##### INPUT DATA #####

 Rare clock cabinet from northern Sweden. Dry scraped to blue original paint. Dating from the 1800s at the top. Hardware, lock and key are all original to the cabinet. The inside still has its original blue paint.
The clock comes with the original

#####
##### INPUT DATA #####

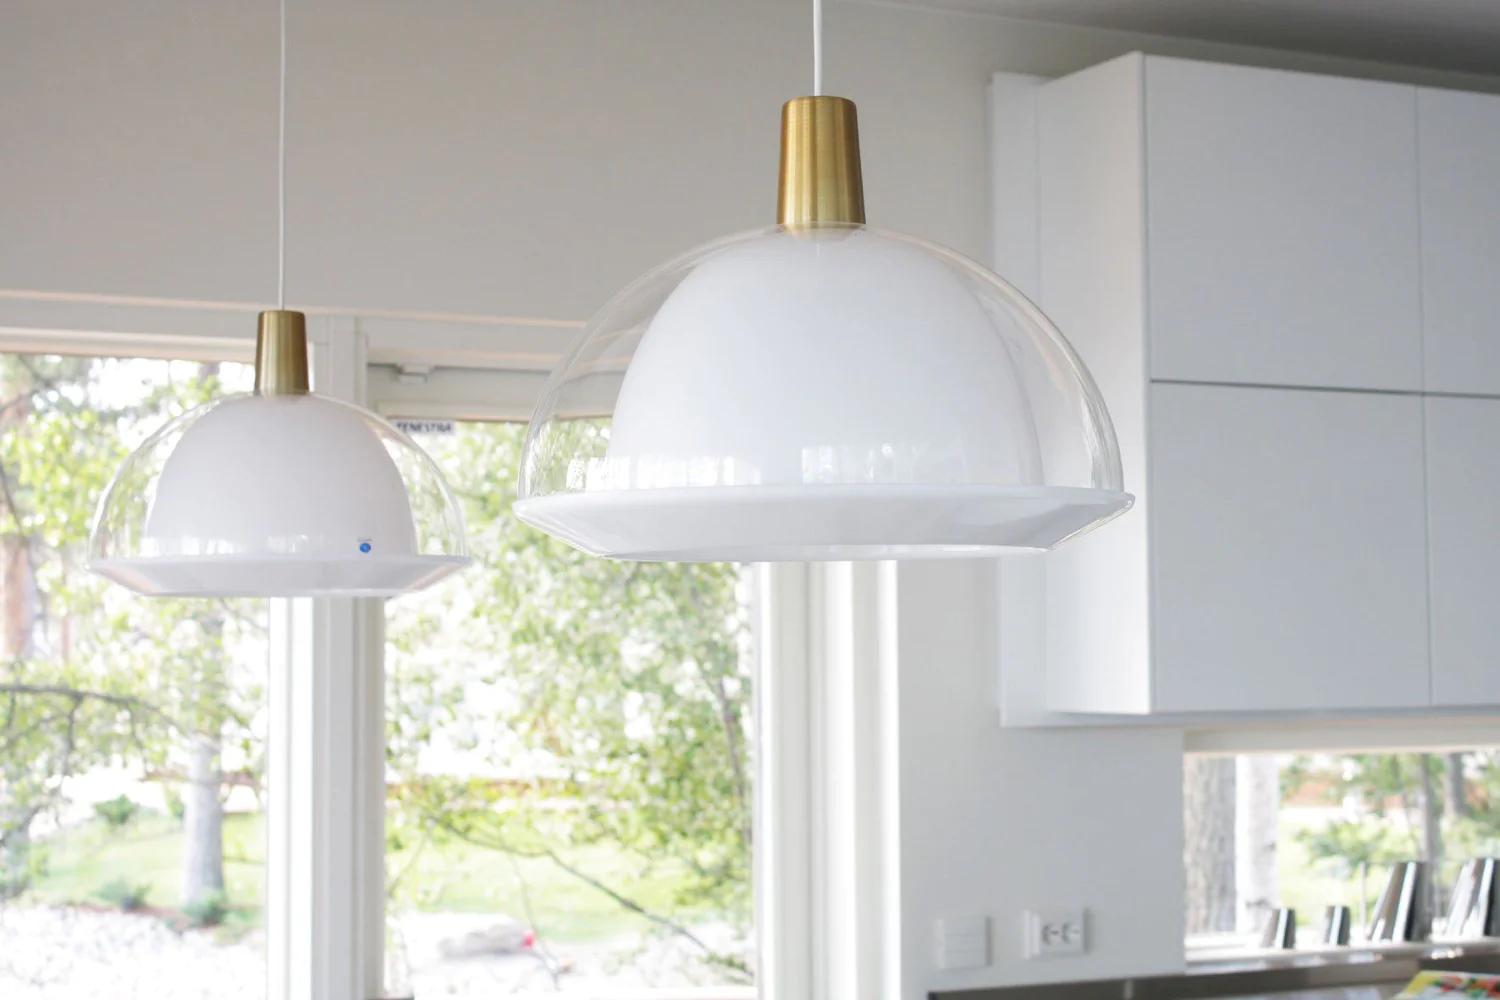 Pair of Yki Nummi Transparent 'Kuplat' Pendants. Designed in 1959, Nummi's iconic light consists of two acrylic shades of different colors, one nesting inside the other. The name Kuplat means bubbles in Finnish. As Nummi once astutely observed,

#####

Extract from the listing above the lines between the line containing "Rare clock cabinet" and the line containing "The clock comes with the original", keeping both of those lines. Output nothing else.

 Rare clock cabinet from northern Sweden. Dry scraped to blue original paint. Dating from the 1800s at the top. Hardware, lock and key are all original to the cabinet. The inside still has its original blue paint.
The clock comes with the original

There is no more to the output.